Abstract:
A gas generator is provided with an outer tube and an inner tube arranged coaxially within the outer tube. The pressure gas-generating charge is accommodated in the inner tube, the charge being ignited by an ignition unit. The generator is closed at the ends in a gas tight manner by closure covers, which are surrounded laterally by the end sections of the outer tube. On the inside of the closure covers there is in each case a recess for accepting the ends of the inner tube. The recesses hold the inner tube centered in the outer tube. Each cover is further provided with a peripheral groove, in which interior projections, directed inwards, and formed by multiple notching by means of a notching tool, engage. These projections, for their part, are arranged on the inner peripheral surface of the outer tube in the end sections thereof.

Description:
BACKGROUND OF THE INVENTION 
     This invention relates to a tubular gas generator, in particular a tubular gas generator for an inflatable impact cushion such as an air bag of a motor vehicle. 

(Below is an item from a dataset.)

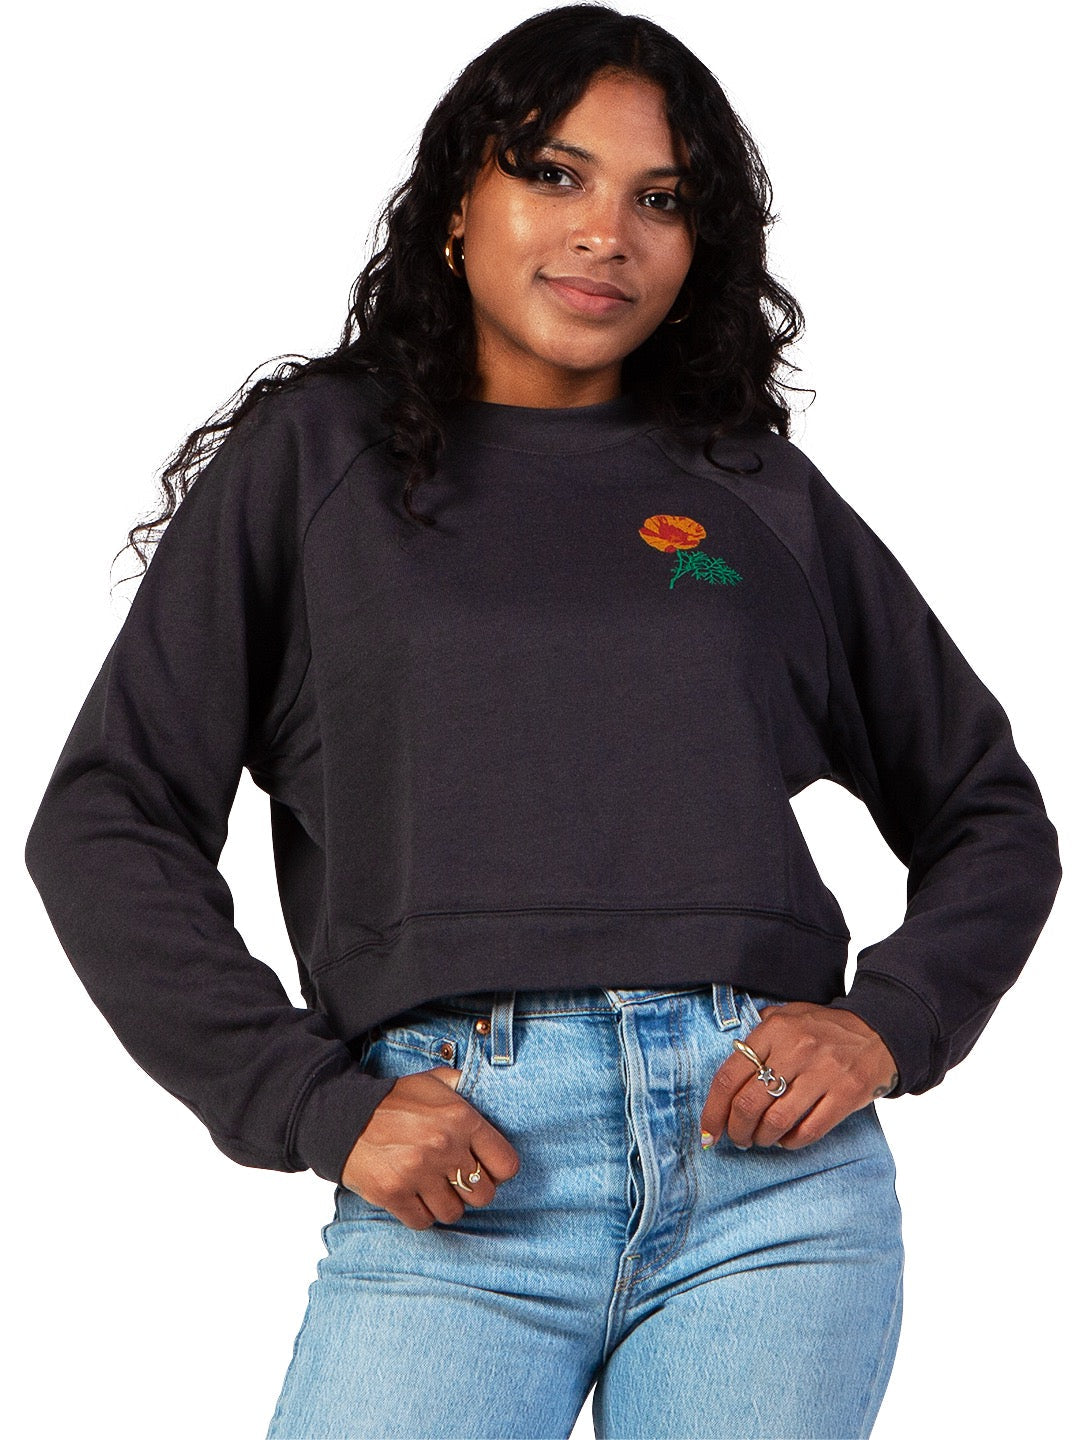 Jen Kindell Poppy Women's Cropped Crewneck Sweatshirt Faded Black-Culk

     A (tubular) gas generator is disclosed in U.S. Pat. No. 4,005,876, which has an outer tube, in a wall (jacket) of which there are arranged gas outlet openings and the ends of which are closed. In the outer tube there is located an inner tube, also provided in its jacket with gas outlet openings, the outer diameter of the inner tube which is smaller than the inner diameter of the outer tube, so that between the two eccentric tubes there forms an intermediate chamber for receiving a filter and cooling wire mesh. The inner tube, the axial length of which is less than that of the outer tube, is filled with (pressure-)gas-producing material (also called pressure gas-generating charge, for example in the form of pellets), which is ignited by an ignition unit. The gas forming when igniting the gas-producing material passes via the gas outlet openings of the inner tube through the filter material, in order to arrive outside, via the gas outlet openings, in the outer tube. The gas generator is, in the case of use for an impact protection gas cushion, arranged in a housing open at one side, with this opening being closed by a folded fabric, the actual inflatable gas cushion. 

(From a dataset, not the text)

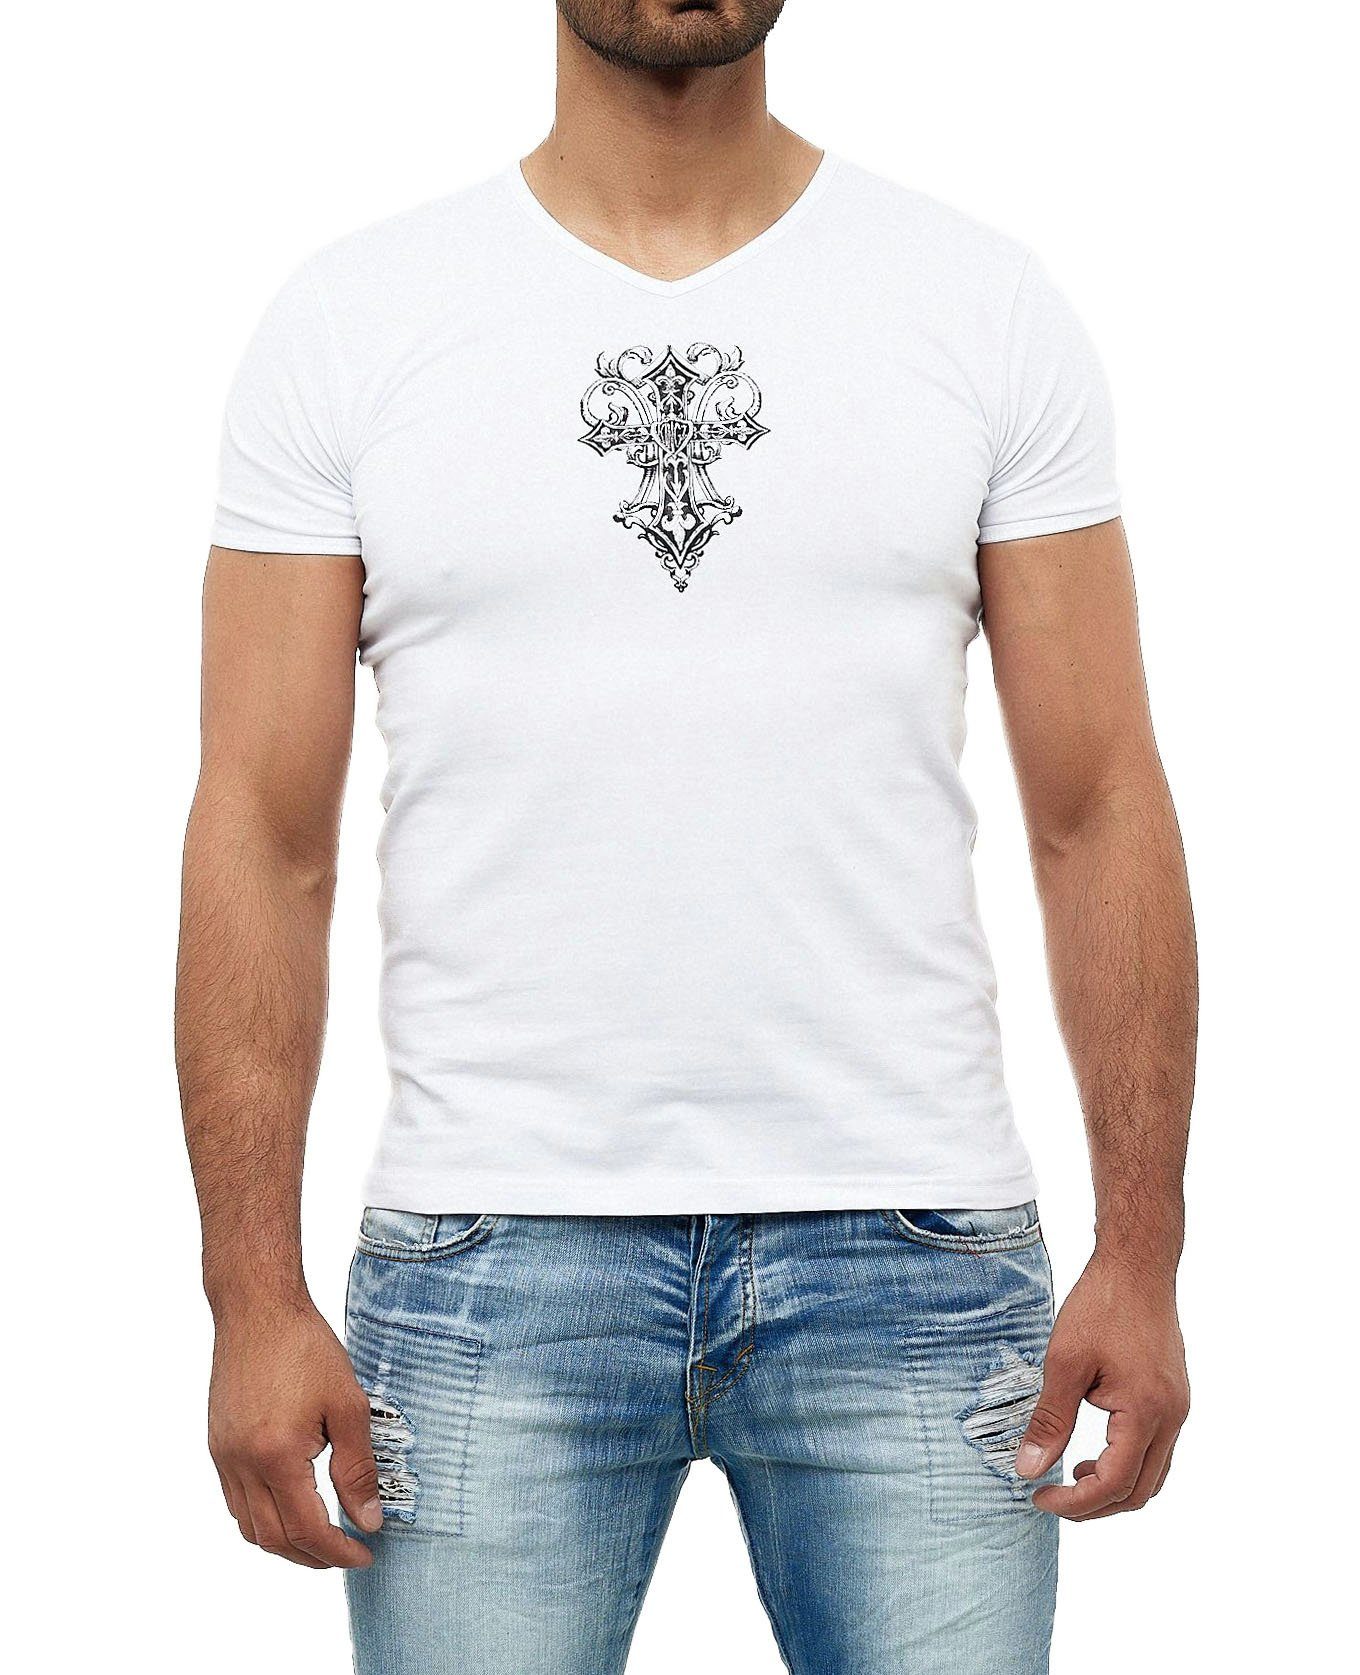 KINGZ T-Shirt in ausgefallenem Design weiß-silberfarben | T-Shirts

     Arranged on one axial end of the two tubes there is a closure cover connecting the tubes to each other, which is surrounded by the outer tube in its end section. In the peripheral surface of the closure cover there is formed a peripheral groove, in the region of which the outer tube is pinched-in. The inner side of the closure cover is provided with a recess, into which the axial end of the inner tube is inserted. With the ignition of the gas-producing charge, relatively high pressure occurs in the inner tube and in the intermediate chamber between the two tubes. The closure cover, anchored, as described above, to the outer tube, must be able to resist this high pressure. Because of the circular arc-shaped formation of the peripheral groove and the peripheral interior projection arising out of the contraction there is the danger that closure cover, possibly tilting under the action of the pressure, is loosened from the outer tube. This can lead to damage of the units arranged around the gas generator. The gas emerging via the loosened closure cover is not cleaned and therefore carries along residue from combustion, which can also cause damage. Finally a loosening of the closure cover acts negatively on the burning process and the gas development. 
     SUMMARY OF THE INVENTION 
     The underlying object of the invention is to create a gas generator, in particular a tubular gas generator for an inflatable impact cushion such as an air bag of a motor vehicle, in which the closure cover can be reliably secured against loosening at the axial ends of the outer tube, even when the closure cover tilts. 
     In order to achieve this object with the invention a gas generator is proposed which has the following features: 
     an outer tube; 
     a closure cover at both ends of the outer tube, wherein the outer tube at least partially surrounds the closure covers laterally, and 
     a peripheral groove on the peripheral surface of each closure cover, which groove receives interior projections directed inwardly from the end section of the outer tube surrounding the respective closure cover; 
     wherein the interior projections being formed as individual, punched, substantially V-shaped outer tube deformations, directed inwardly, by multiple notching of each end sections of the outer tube, surrounding the respective closure covers, in the region of the peripheral grooves of the closure cover. 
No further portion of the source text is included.